Following the ouster of Kurvitz, Rostov, and Hindpere, work on the direct sequel project Y12 continued for several months under Argo Tuulik, one of the writers on Disco Elysium, and Dora Klindžić until management cancelled it in mid-2022. Shortly thereafter, Tuulik and Klindžić were asked to pitch a "standalone expansion" to Disco Elysium, X7, later revealed to be titled Locust City: A Disco Elysium Story, which centered on the characters of Cuno and Cunoesse. The game was greenlighted by management without a pre-production period. Full production began before the understaffed writing duo had a full outline of the game. They gained additional staff when Kender's project P1 was cancelled pursuant to his ouster. In May 2023, People Make Games published the findings of their investigation into ZA/UM's legal situation, in which Tuulik was featured heavily in interviews. Klindžić alleged that company executives isolated Tuulik in retaliation for unfavorable comments made toward them in the documentary. The team produced a "well-received" internal demo for X7 at the end of 2023.

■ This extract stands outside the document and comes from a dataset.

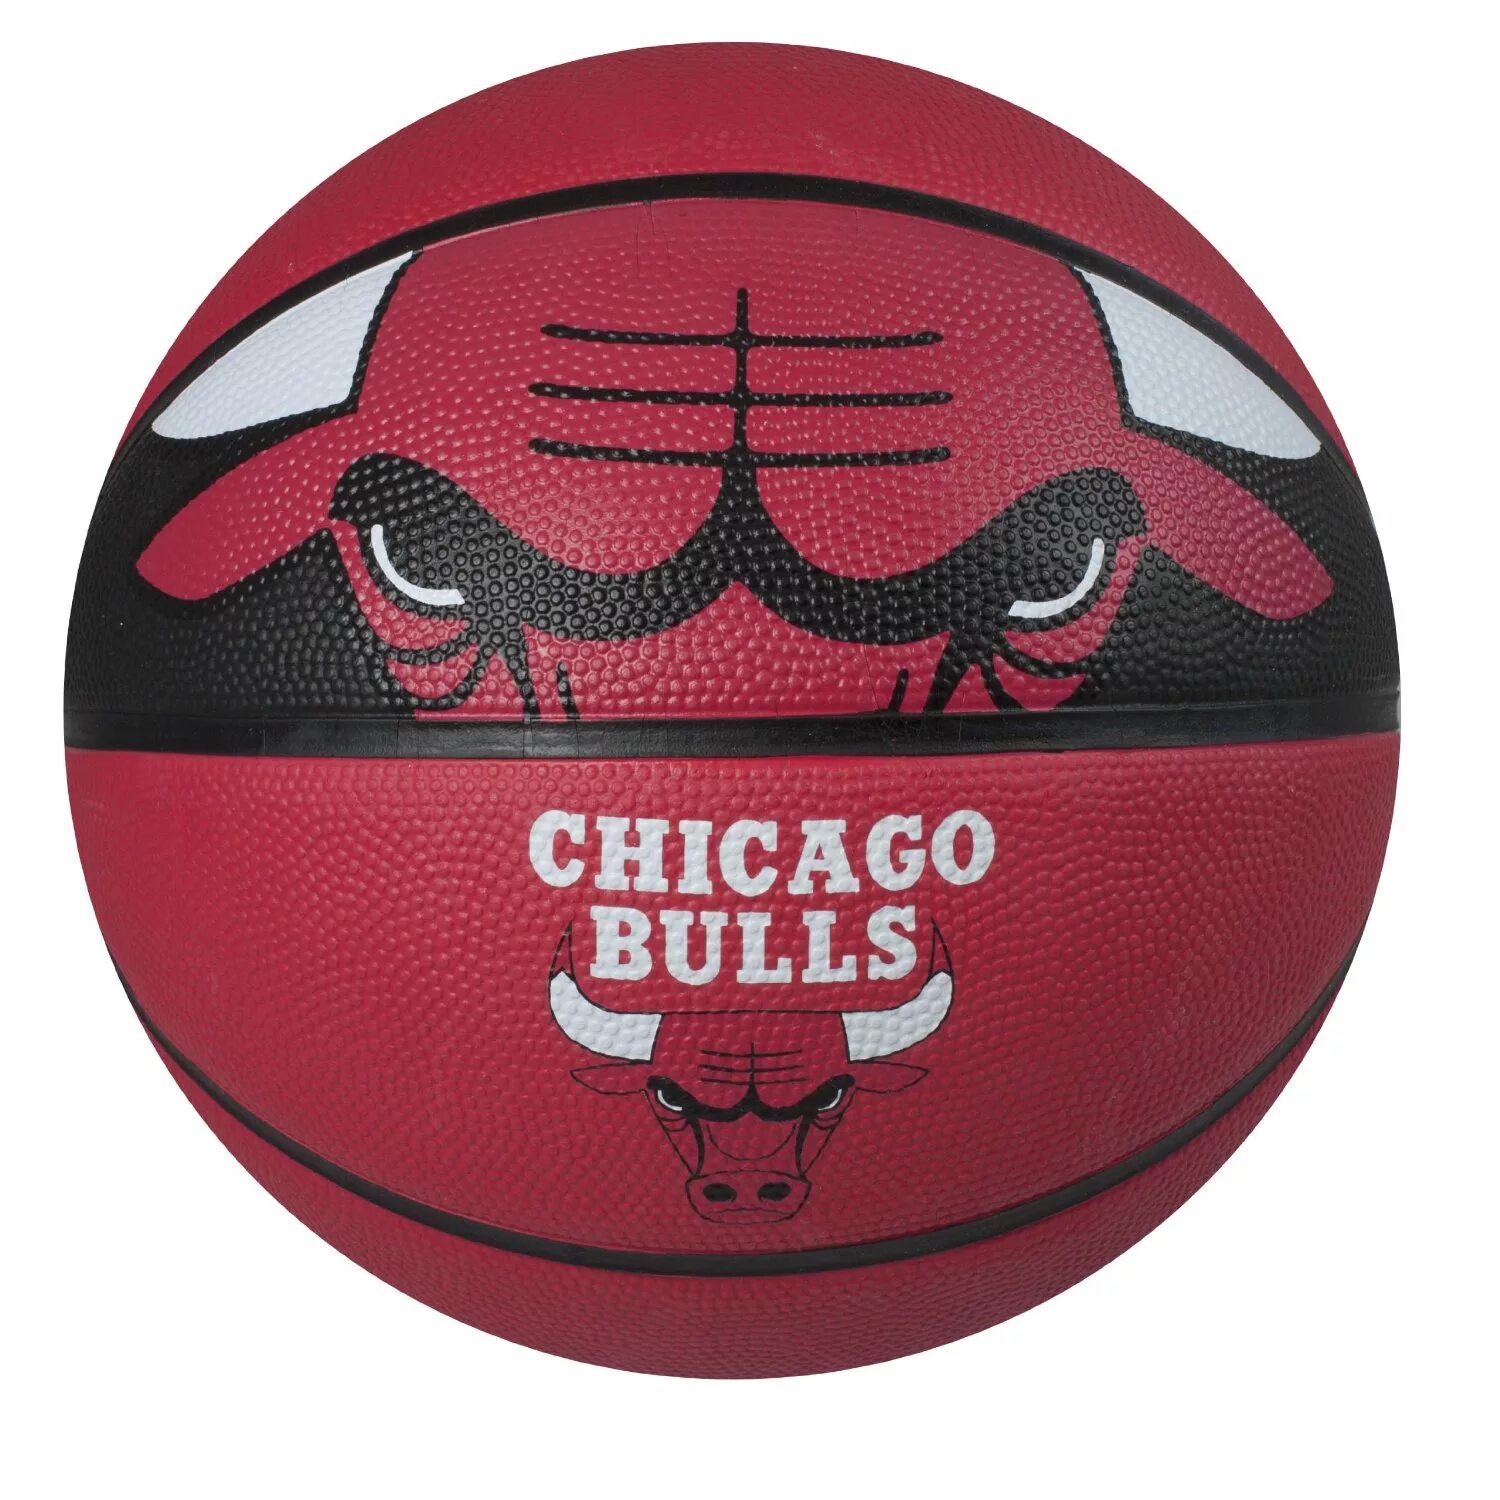 Спортивные магазины баскетбольные мячи. Баскетбольный мяч Spalding Chicago bulls. Баскетбольный мяч Nike NBA. Spalding баскетбольный мяч NBA резиновый. Баскетбольный мяч bulls Chicago changobulls NBA.

In February 2024, Sports Illustrateds gaming publication GLHF reported that ZA/UM was laying off about 25% of its staff, including Tuulik and Klindžić, cancelling X7, and confirmed the earlier cancellation of Y12. Tuulik noted that the layoffs primarily targeted women and team members who had raised complaints about working conditions. PC Gamer reported that the only remaining projects at ZA/UM were M0, a Disco Elysium mobile game, and C4, an unrelated RPG.

=== Spiritual sequels and related games ===
ZA/UM's C4 project was later revealed to be Zero Parades: For Dead Spies, an RPG with the same narrative and art style as Disco Elysium, involving a female spy convincing her former collaborators to regroup for a mission. Previews for the game identified Zero Parades as having numerous similar visual elements as Disco Elysium, including its art style and user interface. The game was released in May 2026. Two months after its release, ZA/UM said Zero Parades did not sell as well as expected to maintain their current employee count, and were laying off up to 32 staff.

The conflicts around the ZA/UM studio and breakup of the team led to four different projects from different members each seeking to be a successor to Disco Elysium, in addition to Zero Parades. After leaving ZA/UM, Kurvitz and Rostov launched Red Info in June 2022, a development studio to work on a spiritual successor to Disco Elysium. Red Info has been backed by at least $10 million in funding by NetEase and has brought writer Chris Avellone to help.

The other three spiritual successor projects were announced nearly simultaneously in October 2024 by three separate studios, each with some former members of ZA/UM.
- Longdue includes Martin Luiga—formerly of Red Info—plus Disco Elysium narrator Lenval Brown and other developers from Bungie and Rockstar Games. Longdue announced their game Hopetown was funded via a Kickstarter campaign in April 2025.
- Dark Math Games was founded by investor Linnamae, and includes Kender and other ZA/UM developers. Dark Math is developing Tangerine Antarctic (previously named XXX Nightshift). Tangerine Antarctic is set in a fictional ski resort located at Mount Hope in Antarctica, with "Tangerine Antarctic" the name of the hotel for the resort, and where the characters must solve a murder mystery among the guests that are stuck at the hotel due to a snowstorm. Unlike Disco Elysiums isometric view, the game will be played by a third-person camera.
- Summer Eternal was founded by writers Argo Tuulik and Dora Klindžić. Both had worked previously with Dark Math and Longdue, but left these studios due to internal conflicts. Summer Eternal later brought on Olga Moskvina and other senior developers from ZA/UM.

Disco Elysiums non-traditional approach to a role-playing game has inspired at least one developer to follow a similar path for Esoteric Ebb. The game was inspired by both Disco Elysium and Planescape: Torment, taking place in a more traditional fantasy setting, and like Disco Elysium does not have direct combat but instead skill checks made against the player-character's various internal voices representing different character attributes.